Вопрос про дивиденды по всему портфелю ваших компаний, которые вы выплачиваете в бюджет. Почему до недавнего времени они оставались не такими большими? Почему уровень возрос в последние два года и есть ли еще потенциал для их роста?

Согласно дивидендной политике, базой для расчета дивидендов является денежный поток от операционной деятельности, представленный как раз дивидендами, полученными фондом от портфельных компаний.

Размер дивидендов определяется от суммы свободного денежного потока с учетом потребностей компаний в покрытии затрат, в том числе на обслуживание долга, поддержания уровня финансовой устойчивости, затрат на поддержание производственных активов и реализацию инвестиционных проектов.

При этом стоит понимать, что в портфеле группы имеются растущие компании, компании, предоставляющие социально-значимые услуги. Часть генерируемого дохода идет на кросс-субсидирование и поддержание производственных активов.

За прошлый год в качестве дивидендов мы выплатили 238 млрд тенге (в 2022 году — 170 млрд тенге). Рост дивидендов связан с потребностями нашего единственного акционера — правительства. С другой стороны, мы хотим быть полезными нашим акционерам.

Но важно понимать, что у «Самрук-Казына» нет других источников дохода. Он получает только деньги от портфельных компаний. В среднем за год сумма дивидендов, которые поднимаются на корпоративный центр, составляет порядка 500 млрд тенге.

В прошлом году из 500 млрд тенге мы 238 млрд отдали в виде дивидендов правительству.

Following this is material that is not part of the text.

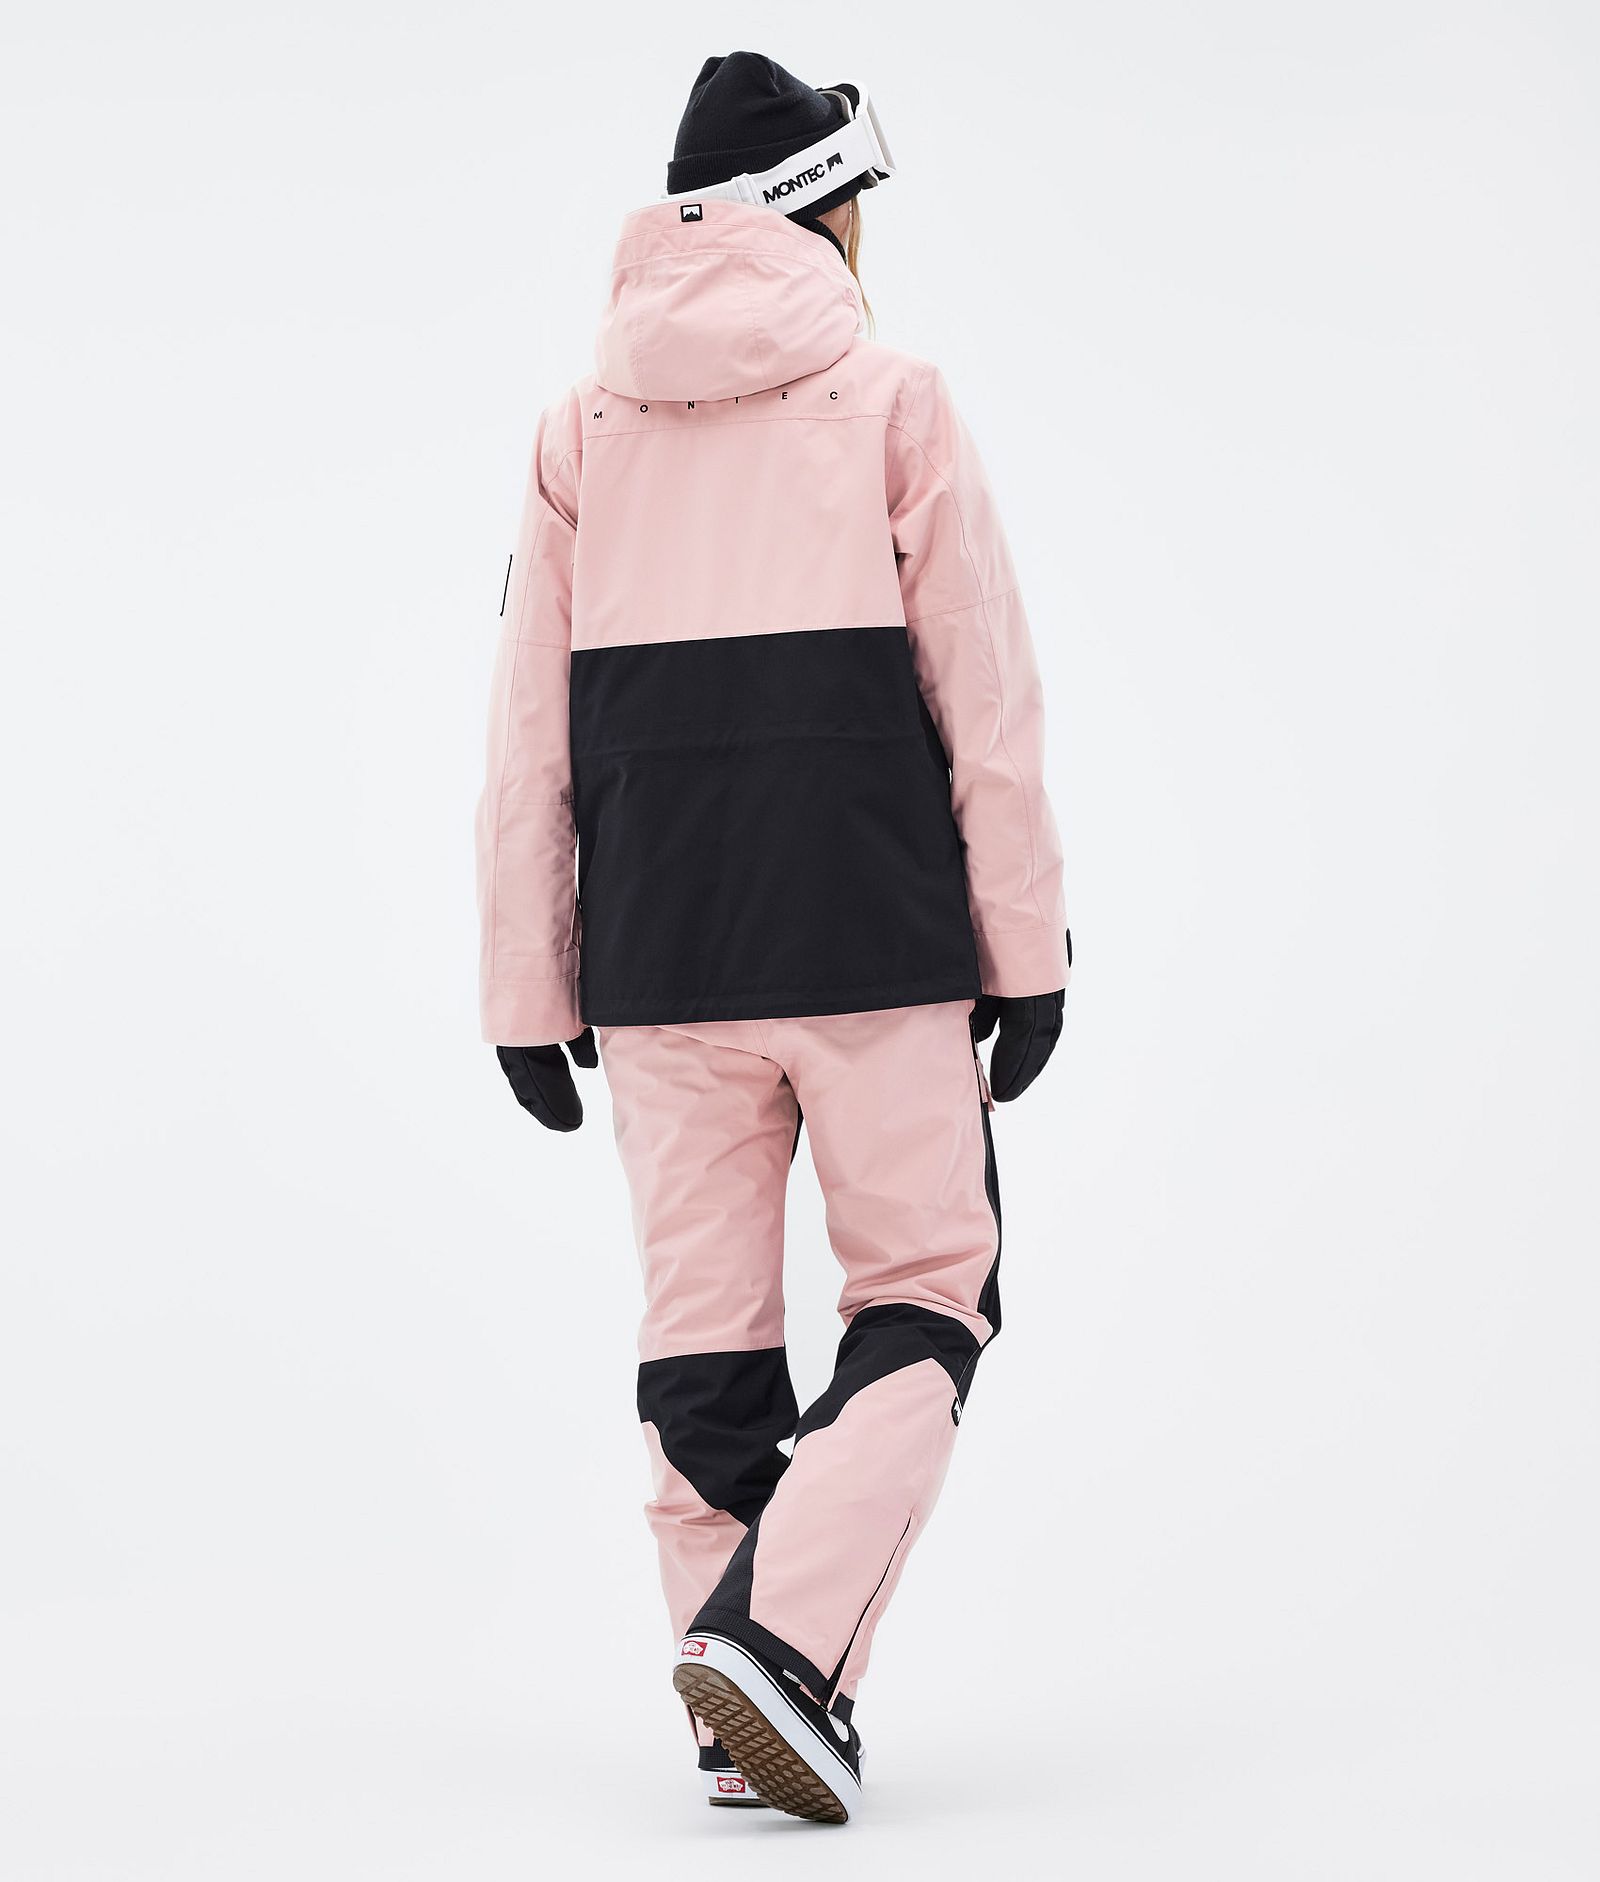 Doom W Snowboard Outfit Women Soft Pink/Black

Еще 67 млрд мы в соответствии с законом перевели в фонд «Қазақстан Халқына».

Порядка 133 млрд мы направили на прочие распределения, то есть дополнительную социальную нагрузку, такую как строительство перинатального центра, центра экстренной медицины, строительство инфекционного центра в Алматы.

А с 2018 года мы выделили на финансирование социальных проектов 581 млрд тенге. В том числе на восстановление различных объектов после ЧП в Арыси, закуп вакцин против коронавируса, финансирование образовательных учреждений, строительство социальных и медицинских объектов и так далее.

За прошлый мы отдали почти 90% нашего дивидендного дохода на нужды государства. Хотя нам нужно обслуживать долг, имеющийся не только на портфельных компаниях, но и на самом фонде. Плюс, как мы говорили раньше, нам нужно сократить высокий износ через вложение в новые проекты, чтобы расширить мощности.

Еще у нас порядка 100 новых проектов на сумму 49 трлн тенге. И нам нужно иметь 14 трлн тенге, чтобы вложить их в капитал, а все остальное привлечь как долг. Но мы сможем сделать это только если тарифы будут коммерчески привлекательными, позволив нам брать деньги у международных финансовых институтов, которые отнюдь не альтруисты и должны зарабатывать, чтобы выплачивать дивиденды своим акционерам.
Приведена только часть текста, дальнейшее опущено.